== Segment start ==

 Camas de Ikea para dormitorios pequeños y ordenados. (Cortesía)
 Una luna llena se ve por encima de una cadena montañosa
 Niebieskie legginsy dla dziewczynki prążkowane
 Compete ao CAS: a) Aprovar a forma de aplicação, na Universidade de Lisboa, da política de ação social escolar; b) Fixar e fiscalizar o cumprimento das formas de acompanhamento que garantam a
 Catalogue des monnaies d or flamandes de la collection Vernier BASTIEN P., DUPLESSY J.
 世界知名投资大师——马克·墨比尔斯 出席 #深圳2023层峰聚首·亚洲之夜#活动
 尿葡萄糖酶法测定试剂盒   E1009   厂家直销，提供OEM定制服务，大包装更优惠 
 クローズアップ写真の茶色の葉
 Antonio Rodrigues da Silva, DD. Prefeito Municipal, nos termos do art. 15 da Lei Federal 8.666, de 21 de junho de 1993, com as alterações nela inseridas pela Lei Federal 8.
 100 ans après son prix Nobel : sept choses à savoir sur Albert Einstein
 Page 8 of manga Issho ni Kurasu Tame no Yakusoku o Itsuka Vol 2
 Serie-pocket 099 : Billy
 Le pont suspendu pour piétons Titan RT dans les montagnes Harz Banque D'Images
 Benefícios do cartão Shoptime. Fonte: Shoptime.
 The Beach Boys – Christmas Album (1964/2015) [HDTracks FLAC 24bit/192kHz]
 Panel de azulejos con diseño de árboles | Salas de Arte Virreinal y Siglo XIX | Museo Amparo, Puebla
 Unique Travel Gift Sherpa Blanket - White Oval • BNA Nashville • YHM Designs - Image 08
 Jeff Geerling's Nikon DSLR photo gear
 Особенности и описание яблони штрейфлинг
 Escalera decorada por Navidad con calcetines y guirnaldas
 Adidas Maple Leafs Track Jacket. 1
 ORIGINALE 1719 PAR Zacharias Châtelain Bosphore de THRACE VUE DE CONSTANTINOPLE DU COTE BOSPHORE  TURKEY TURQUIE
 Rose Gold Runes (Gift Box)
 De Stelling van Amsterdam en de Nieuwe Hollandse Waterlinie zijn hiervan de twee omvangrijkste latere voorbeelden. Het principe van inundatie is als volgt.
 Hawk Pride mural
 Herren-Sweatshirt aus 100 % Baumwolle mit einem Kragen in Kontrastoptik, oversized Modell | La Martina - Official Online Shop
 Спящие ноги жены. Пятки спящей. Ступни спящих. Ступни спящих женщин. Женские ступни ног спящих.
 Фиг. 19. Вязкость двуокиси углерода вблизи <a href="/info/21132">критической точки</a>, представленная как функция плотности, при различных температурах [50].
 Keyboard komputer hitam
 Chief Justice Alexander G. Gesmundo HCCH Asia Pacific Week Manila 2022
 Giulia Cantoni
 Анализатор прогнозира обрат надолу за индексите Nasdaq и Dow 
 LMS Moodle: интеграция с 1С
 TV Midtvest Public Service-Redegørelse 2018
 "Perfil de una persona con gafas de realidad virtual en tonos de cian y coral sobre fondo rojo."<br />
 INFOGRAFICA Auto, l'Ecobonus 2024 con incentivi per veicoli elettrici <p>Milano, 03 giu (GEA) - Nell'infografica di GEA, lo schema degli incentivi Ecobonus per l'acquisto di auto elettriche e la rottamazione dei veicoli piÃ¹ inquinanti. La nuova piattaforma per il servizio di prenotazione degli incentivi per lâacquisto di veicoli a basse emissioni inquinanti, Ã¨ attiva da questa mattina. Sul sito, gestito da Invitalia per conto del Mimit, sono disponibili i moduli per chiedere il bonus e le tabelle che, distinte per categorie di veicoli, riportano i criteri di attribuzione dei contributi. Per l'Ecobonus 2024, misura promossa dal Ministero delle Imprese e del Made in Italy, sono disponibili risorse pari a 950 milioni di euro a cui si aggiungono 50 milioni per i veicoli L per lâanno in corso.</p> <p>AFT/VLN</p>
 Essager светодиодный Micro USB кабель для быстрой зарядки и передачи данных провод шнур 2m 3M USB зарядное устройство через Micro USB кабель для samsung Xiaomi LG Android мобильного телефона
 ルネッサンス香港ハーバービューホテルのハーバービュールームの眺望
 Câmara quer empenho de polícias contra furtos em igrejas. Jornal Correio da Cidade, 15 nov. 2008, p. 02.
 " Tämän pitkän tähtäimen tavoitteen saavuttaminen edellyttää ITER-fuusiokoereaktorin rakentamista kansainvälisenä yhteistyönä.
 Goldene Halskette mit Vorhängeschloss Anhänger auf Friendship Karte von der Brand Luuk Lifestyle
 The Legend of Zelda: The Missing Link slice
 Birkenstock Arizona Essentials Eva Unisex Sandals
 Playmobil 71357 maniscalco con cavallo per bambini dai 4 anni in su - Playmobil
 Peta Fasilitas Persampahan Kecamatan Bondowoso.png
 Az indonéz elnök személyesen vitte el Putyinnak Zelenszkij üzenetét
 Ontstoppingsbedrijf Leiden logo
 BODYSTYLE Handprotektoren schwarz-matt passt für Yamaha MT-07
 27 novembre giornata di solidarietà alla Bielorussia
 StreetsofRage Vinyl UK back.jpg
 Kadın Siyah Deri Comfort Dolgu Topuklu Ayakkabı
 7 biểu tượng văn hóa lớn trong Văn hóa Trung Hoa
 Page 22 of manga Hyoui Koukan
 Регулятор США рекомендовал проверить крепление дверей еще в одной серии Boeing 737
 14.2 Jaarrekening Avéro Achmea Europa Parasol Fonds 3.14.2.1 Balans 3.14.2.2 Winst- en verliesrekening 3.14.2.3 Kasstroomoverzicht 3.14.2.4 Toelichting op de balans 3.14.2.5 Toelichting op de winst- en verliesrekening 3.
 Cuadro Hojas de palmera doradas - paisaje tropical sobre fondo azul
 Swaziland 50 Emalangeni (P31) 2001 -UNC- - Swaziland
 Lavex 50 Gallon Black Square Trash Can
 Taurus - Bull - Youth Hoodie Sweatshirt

== Segment end ==

» What to do
In the records above, find each line holding "Gift" and copy it.

» Result
 Unique Travel Gift Sherpa Blanket - White Oval • BNA Nashville • YHM Designs - Image 08
 Rose Gold Runes (Gift Box)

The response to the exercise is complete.